BaseMax / GooglePlayWebServiceAPI

Tiny script to crawl information of a specific application in the Google play/store base on PHP.
MIT License
37 stars 9 forks source link

Playstore redesign #20

Closed IzzySoft closed 2 years ago

IzzySoft commented 2 years ago

The recent PlayStore redesign broke the parser nearly completely (apart from the app name, no fields had any data). I've fixed up most things with b837c529c10063a3efc8c32f338ace37bfcd89d3 (hopefully), but some things seem no longer available (e.g. the versionName of the last release, or the minimum Android version required).

@BaseMax would be great if you could check whether my changes work for you, and if you can find some of the missing details. I've left some comments in the code so you should be able to easily identify them.

Oh, and to make up a bit for lost details, I've added the video URL (what fastlane has as video.txt)…

spiritwebdev commented 2 years ago

Yeah, version didn't work and developer name too.

UPD: whats new - not parsing too

BaseMax commented 2 years ago

Thank you @IzzySoft, Your job is good always. You are always at the forefront of this.

@spiritwebdev Thanks for testing.

IzzySoft commented 2 years ago

Yes, thanks for testing! And apologies for my pushing to main directly, but the last version wasn't working at all anymore so I thought it's an improvement anyway, imperfect as it might be :rofl: Seems I was right with that, good.

OK, so things still not (yet/anymore/ever) working are

What I did not find yet I might once more check protobuf for – though as the new page design does not show those details either, I have my doubts to find them. Things I did not yet check:

Looks like we should think about some "unit testing" – say having a list of package names where we know what is returned, run against them, and compare the results. Might save us some headache.

You are always at the forefront of this.

This library is extensively used here, so I just notice quite early when things got broken. One day might be a fluke, but a couple of are a problem. The main standing problem for me currently is the missing versionName, as that's used as conditional in some places (e.g. to decide whether Exodus returned results for the very same version, IIRC).

If I find more, I'll push again. If one of you finds more, please yell (to avoid merge conflicts :wink:) If you think I should rather try filling remaining gaps in a dedicated branch, just say so @BaseMax.

IzzySoft commented 2 years ago

@spiritwebdev nice try. OK, now there is a whatsnew (as soon as I've pushed my changes). We never had it before. Sneaky :rofl:

IzzySoft commented 2 years ago

Next fixes pushed: ads & iap were broken as well, as a test showed; price should still work. Hopefully fixed now (more tests welcome). As suggested by @spiritwebdev "whatsnew" was added.

Just listing that as we might need to update documentation afterwards.

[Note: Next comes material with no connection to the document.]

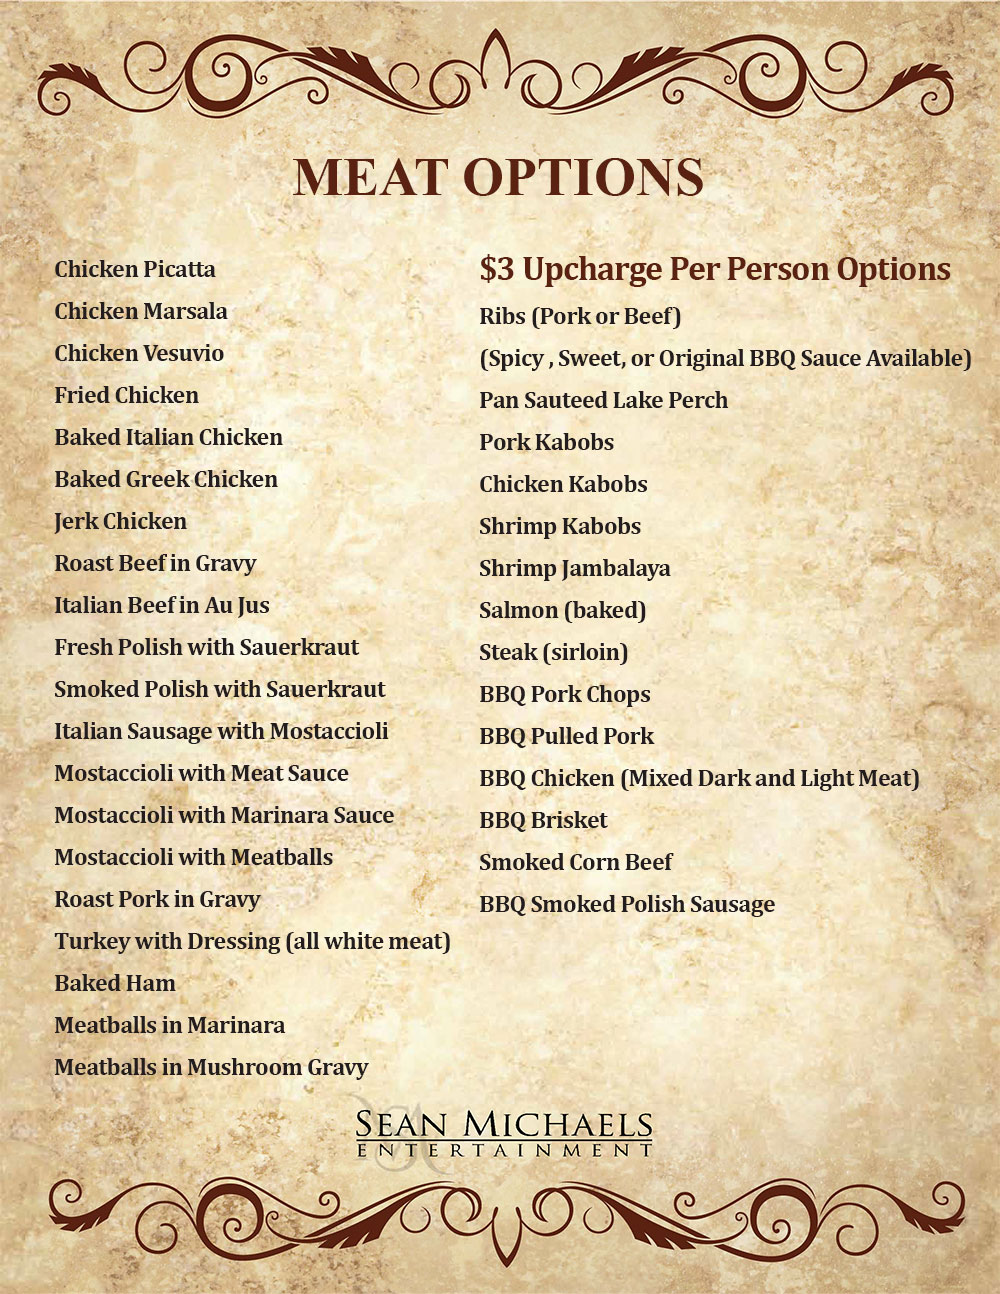 Sean-Michaels-Entertainment-meat-option-menu-2
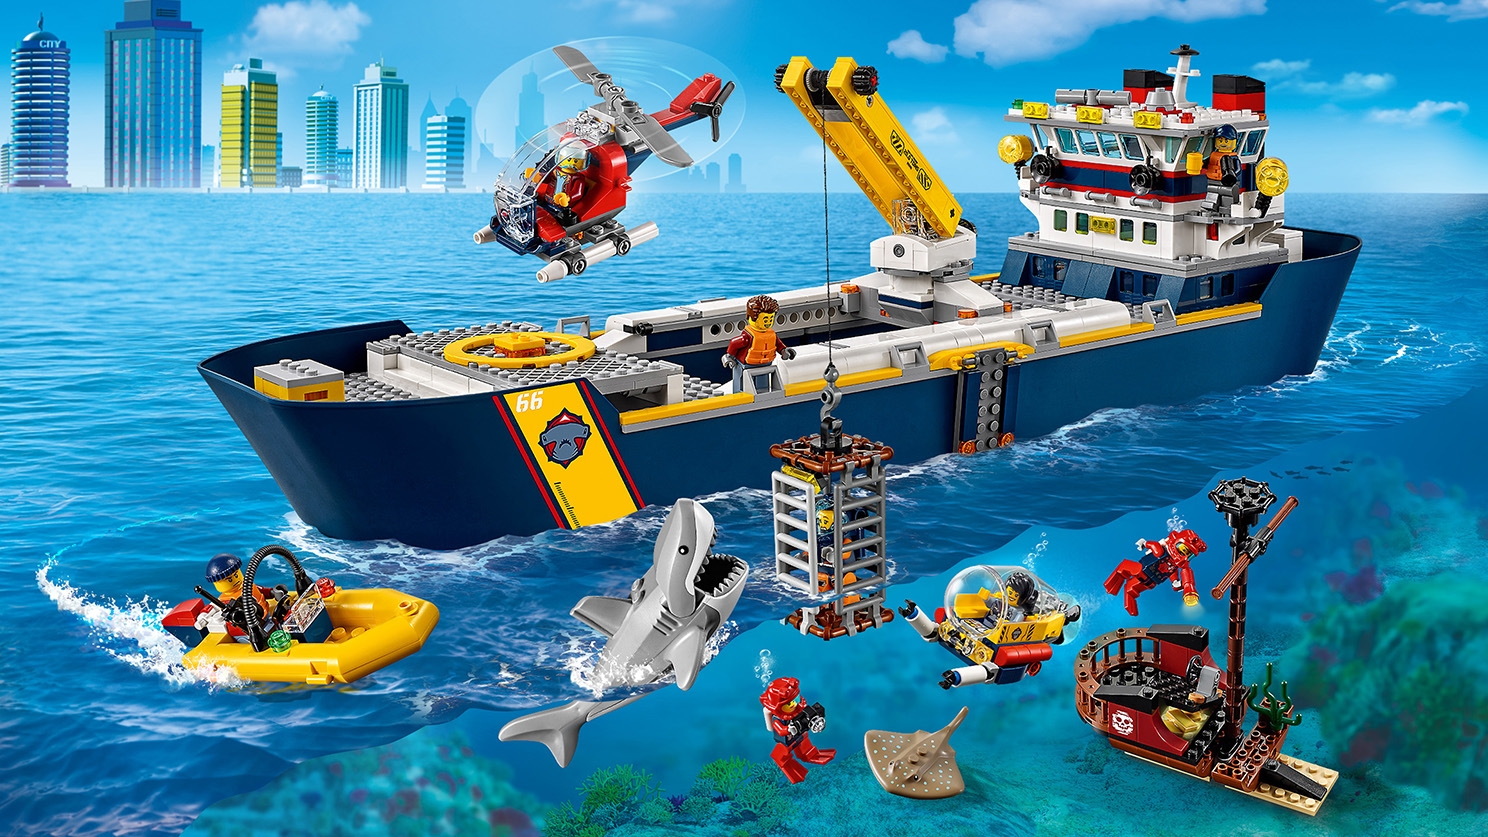 Gentagen nabo Gurgle Ocean Exploration Ship 60266 - LEGO® City Sets - LEGO.com for kids

So far for the good news. Next the bad ones: I couldn't find the other 3 details (version, minSDK, APK size) anywhere in the HTML or the protobuf. If someone has an idea (or found what I missed), please report it here.

To close my comment with a good message: As I tried skimming all protobuf carefully, I found 3 other things there (might partly be in plain HTML as well, I did not yet check that). We could parse that along with parseApplication() but not return it with the result array (to not bloat that), rather storing it into a class property and retrieving it with another method (which, if the property is null, would call parseApplication first to set things up):

As these are new additions, maybe they should be split off to separate issues (at least the last 2). This issue should better focus on how to fix things left broken:

As Appbrain still has those fields (and with data – though I didn't check for the latest releases; the newest one I checked was 2022-05-23; found 1 from 2022-05-24 which at least had version and app size), there must be a way to obtain them. Or not: one from today shows N/A for size… Ah, good: 2022-05-26 (yesterday) still has all details. OK, so waiting for your ideas then :smile:

spiritwebdev commented 2 years ago

How about developer name?

spiritwebdev commented 2 years ago

version now in full description

IzzySoft commented 2 years ago

How about developer name?

Array
(
    [packageName] => meditofoundation.medito
    [name] => Medito: Meditation & Sleep
    [developer] => Medito for Mindfulness, Meditation and Sleep
    [category] => 
    [type] => 
...

Looks like it's in different places with different apps? I had that already fixed (as the example shows). Argh, wtf… they use different URLs: with one app it's /store/apps/dev?id=, with the other /store/apps/developer?id=. OK, adjusted the RegEx accordingly, should now work with both.

While on it, also fixed category (hopefully; similar game: needs different RegEx depending on whether it's shown as "label" or hidden somewhere else).

version now in full description

Ugh? Where? You don't confuse that with the "Updated on" date, do you?

spiritwebdev commented 2 years ago

gp They hide it here now :(

Developer name works like charms

IzzySoft commented 2 years ago

They hide it here now :(

Yeah, that's loaded via Ajax onClick. I watched the traffic, it's causing 2 calls to their reCaptcha API (huh?) but I could not yet figure where the content comes from, or how to construct the call. I just discovered the privacy details can be retrieved separately via a special URL (https://play.google.com/store/apps/datasafety?id=${packageName}), though they are also part of the main page – so there might be some similar URL to retrieve those app details as well. Using details instead of datasafety gives the main page (which is what we already call), about and data yield a 404. I tried a few more, but no success so far – ideas welcome.

We already use https://play.google.com/_/PlayStoreUi/data/batchexecute to retrieve permissions, so I did a search on that URL. Maybe we can pick something from here – it's Go code, but the parameters (mostly f.req) we should be able to construct from there. Took a bit playing around (we could use that to retrieve all details without RegEx parsing if we had the protobuf definitions, but without those it's just wild guessing which 0/1/2 values belong to what variable), but finally I got the version stuff that way.

Developer name works like charms

That's good to read, thanks for testing it out! Hope you can say the same about version details with my last commit. Waiting for your feedback then: is all complete again now?

IzzySoft commented 2 years ago

OK, running a mass update looks like it works. I've bumped the version and adjusted the "log" accordingly. Wanna tag it, @BaseMax – so folks don't pull a broken 1.0.0? New functionality and niceties can be done after that, and then might justify increasing "minor" (I just increased "patch" as it's a fully compatible bug fix release; if you wonder about the names: semantic versioning, major.minor.patch :smile:)

IzzySoft commented 2 years ago

@spiritwebdev if you like to do some more testing, I've just opened a PR to add another method to the class, obtaining the new "data safety" details for a given app. Feedback always welcome: the more eyes approve, the better the test coverage (and our confidence to letting it lose on the world, i.e. merging it to main) :smiley:

IzzySoft commented 2 years ago

@BaseMax shall we tag? Will you tag? Shall I tag? As it's mainly fixing the now broken v1.0.0 I'd suggest v1.0.1. That done, this issue could be closed.

BaseMax commented 2 years ago

@BaseMax shall we tag? Will you tag? Shall I tag? As it's mainly fixing the now broken v1.0.0 I'd suggest v1.0.1. That done, this issue could be closed.

Do you mean to release a new version? Okay good, do it. @IzzySoft

IzzySoft commented 2 years ago

Done, thanks @BaseMax! Now shall we merge #21? Maybe you could take a quick look if you confirm? Or should I just "go ahead"?